Required action: Your task is to transcribe the records exactly, skipping every image.

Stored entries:
☆ ☆ ☆ ☆ ☆ ☆ ☆
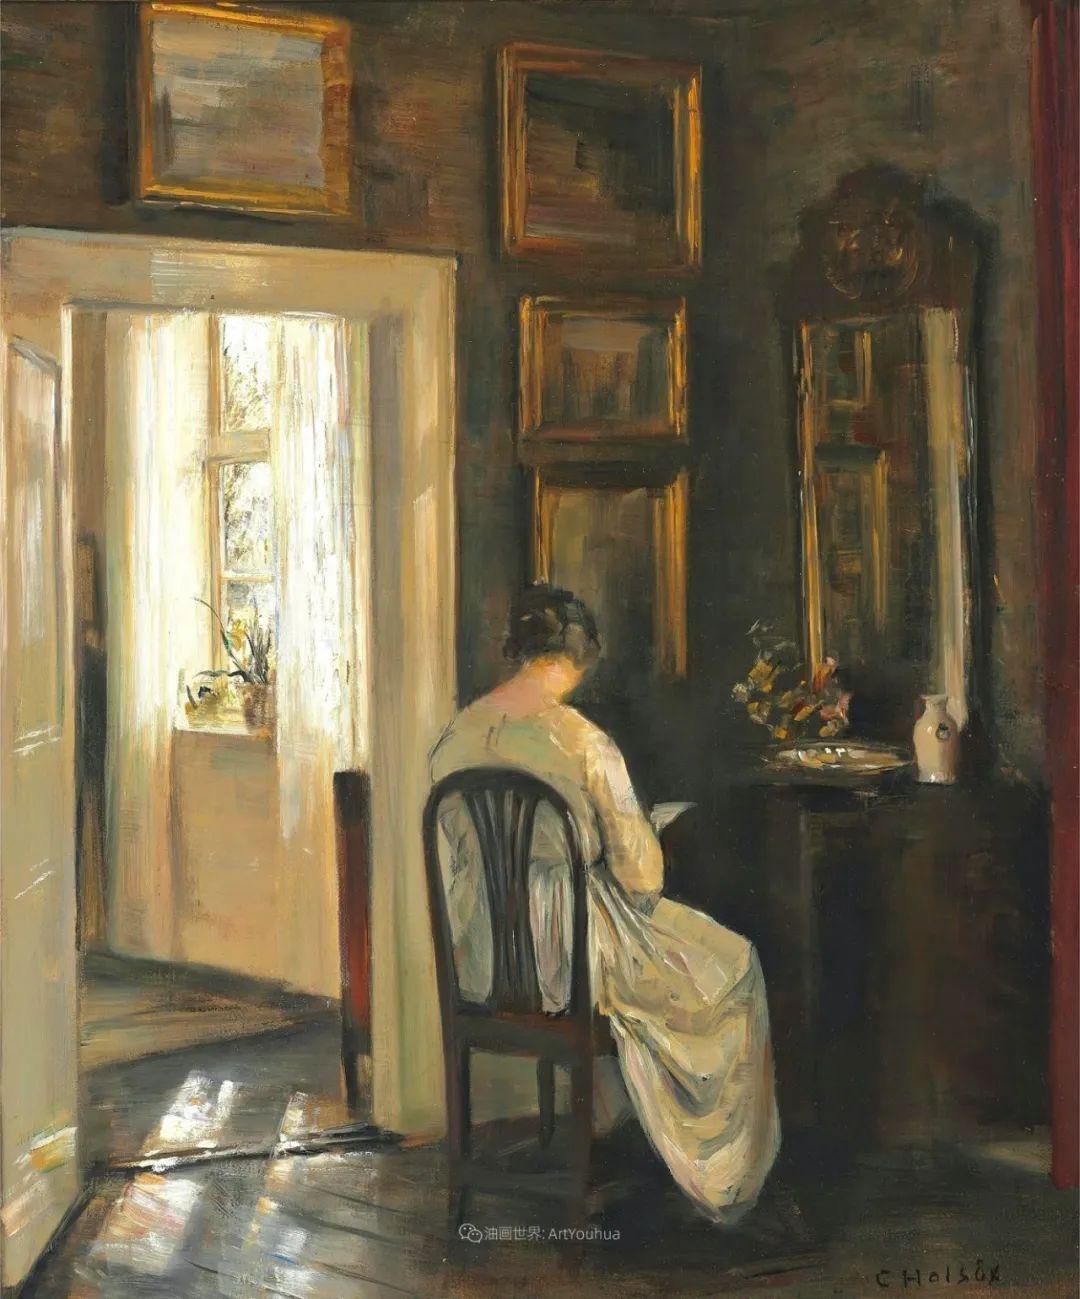 看书的女人最美丽,那一刻全世界都安静了!插图35
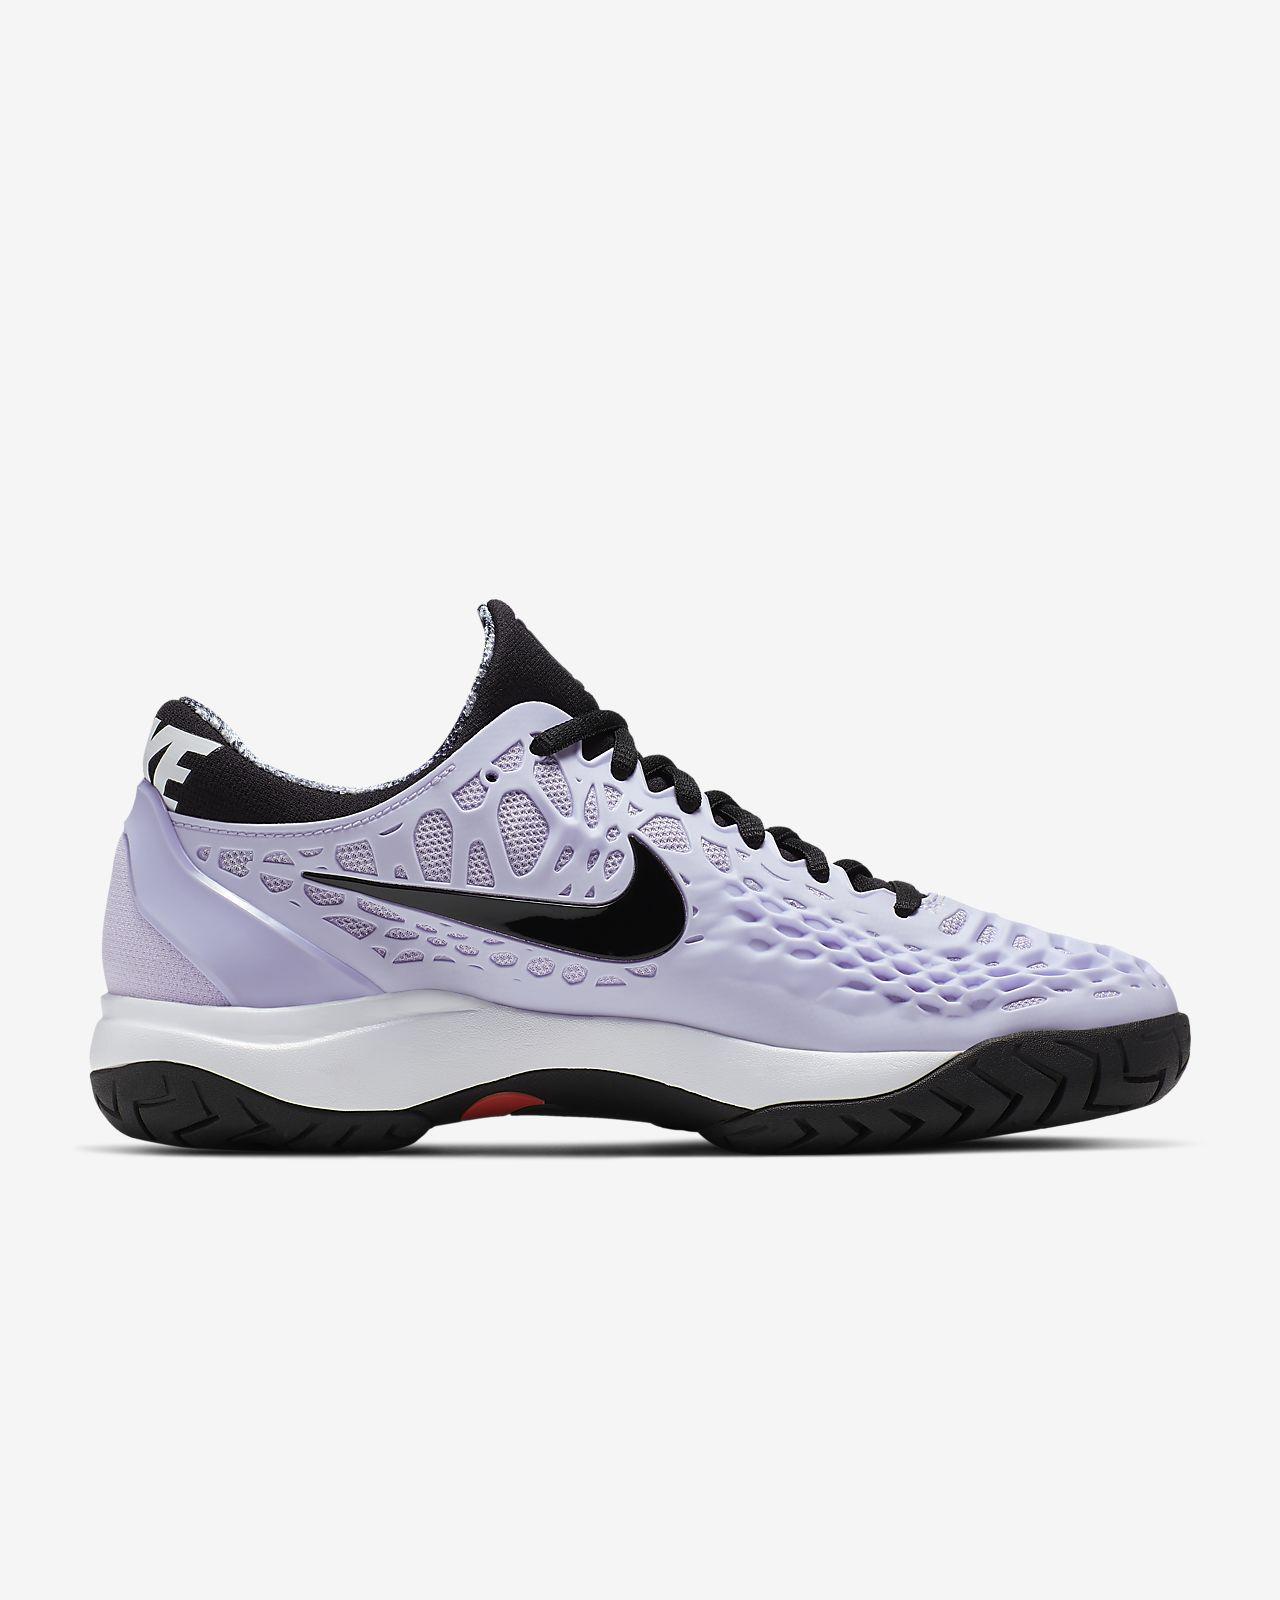 best website bac2c f44f7 ... Chaussure de tennis pour surface dure NikeCourt Zoom Cage 3 pour Femme
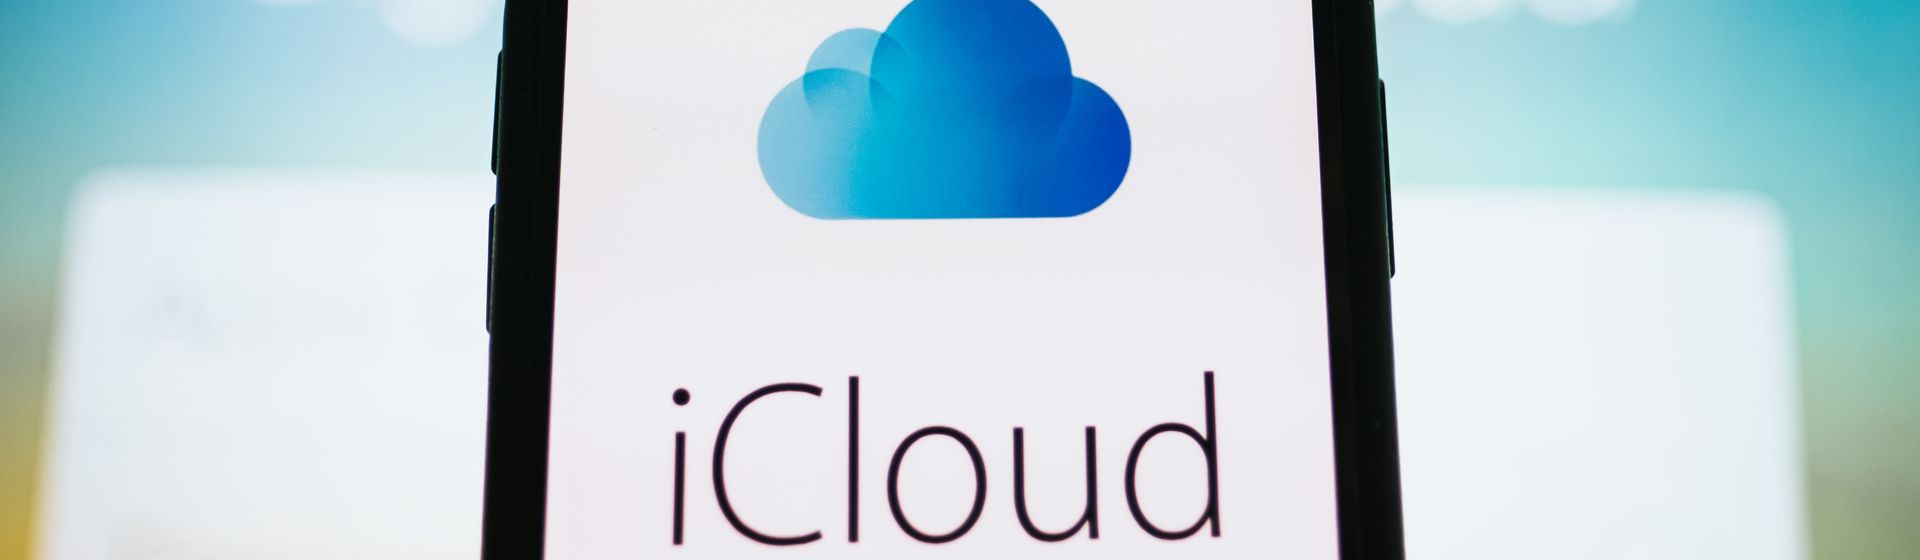 iCloud: o que é e tudo que você precisa saber
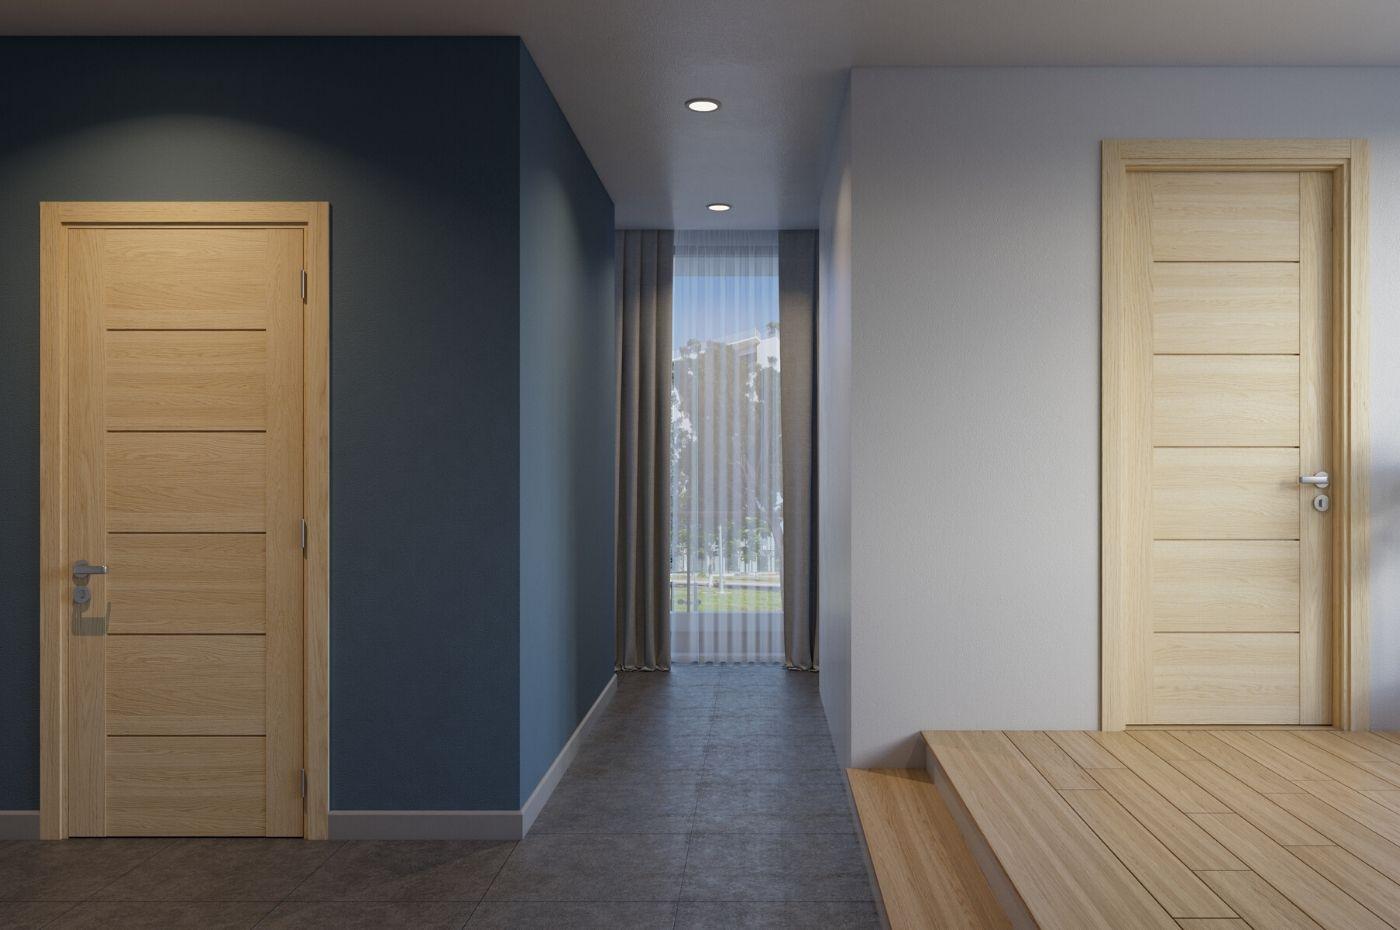 Cửa gỗ giá bao nhiêu? Giá 1 bộ cửa gỗ có mắc không? | TRƯỜNG THẮNG
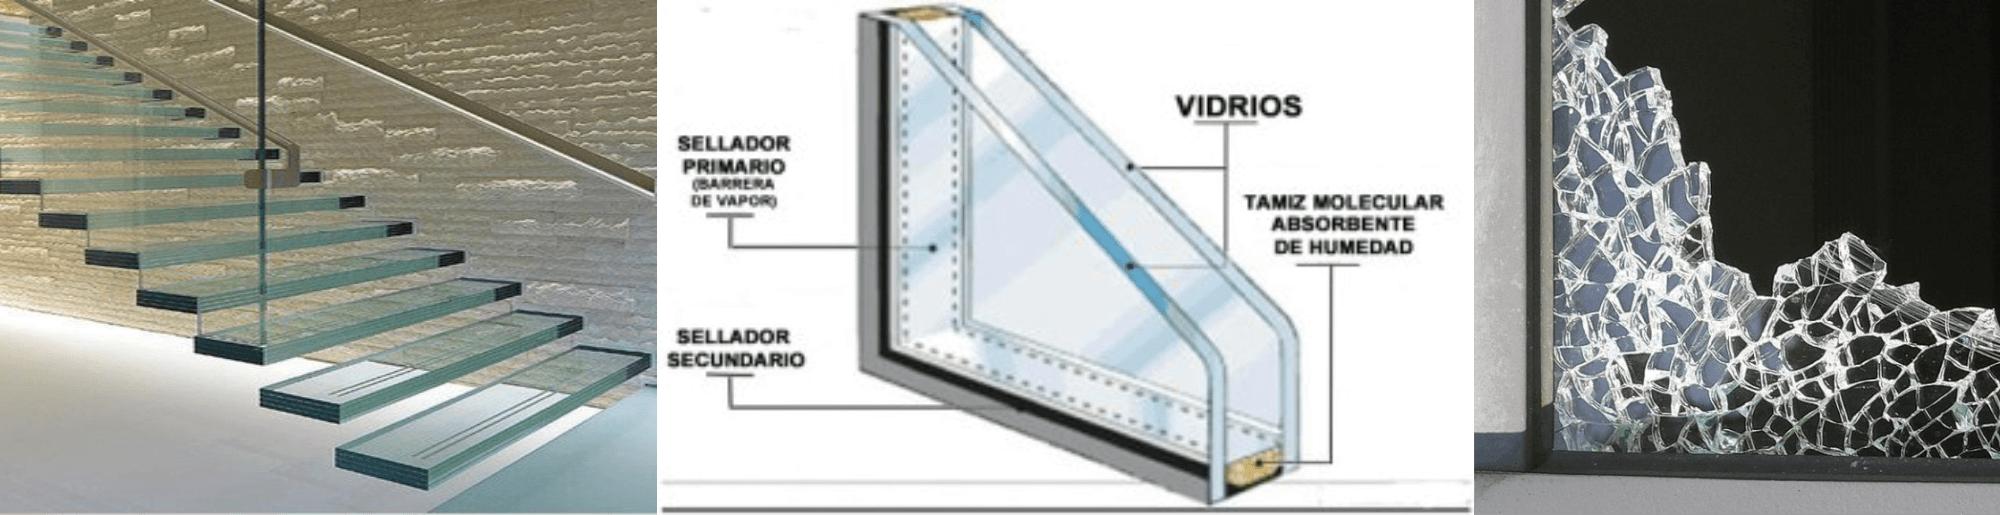 Los 3 tipos de vidrios
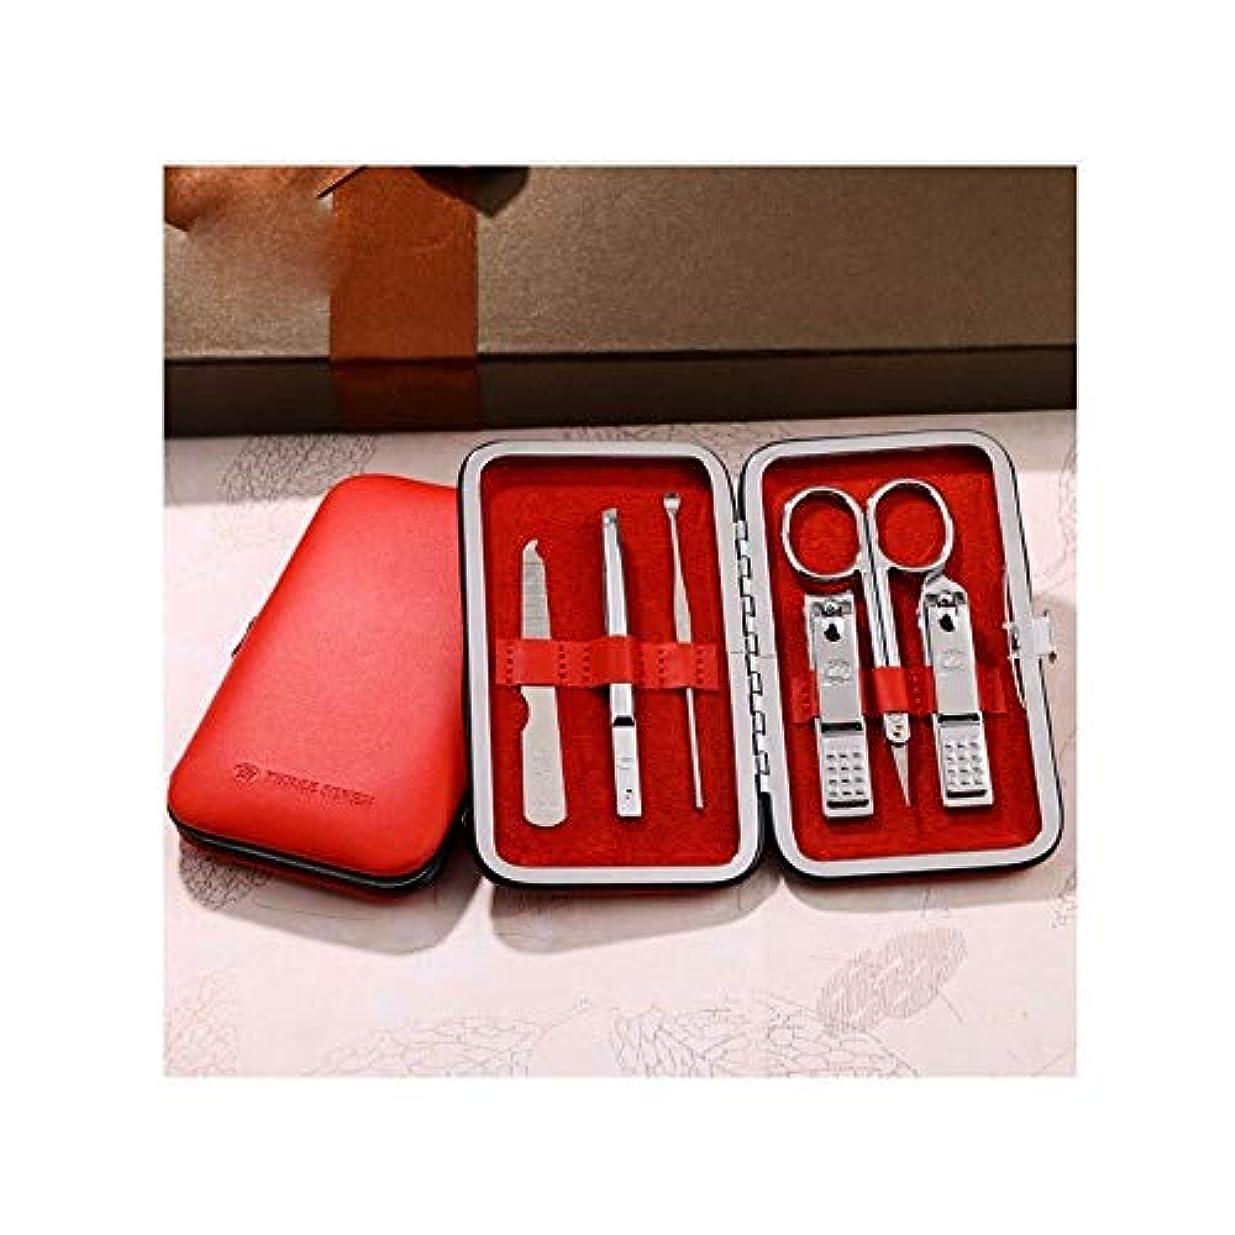 テレビ局スピーカー一人でJIAYIZS ネイルはさみを設定ネイルナイフセットのデコレーションネイルケアツールネイルクリッパーはポータブルファッションセット[赤] 6セットを設定します。 (Color : Red)
☆ ☆ ☆ ☆ ☆ ☆ ☆
Result of this exercise:
 看书的女人最美丽,那一刻全世界都安静了!插图35
 best website bac2c f44f7 ... Chaussure de tennis pour surface dure NikeCourt Zoom Cage 3 pour Femme
 iCloud: o que é e tudo que você precisa saber
 Cửa gỗ giá bao nhiêu? Giá 1 bộ cửa gỗ có mắc không? | TRƯỜNG THẮNG
 Los 3 tipos de vidrios
 テレビ局スピーカー一人でJIAYIZS ネイルはさみを設定ネイルナイフセットのデコレーションネイルケアツールネイルクリッパーはポータブルファッションセット[赤] 6セットを設定します。 (Color : Red)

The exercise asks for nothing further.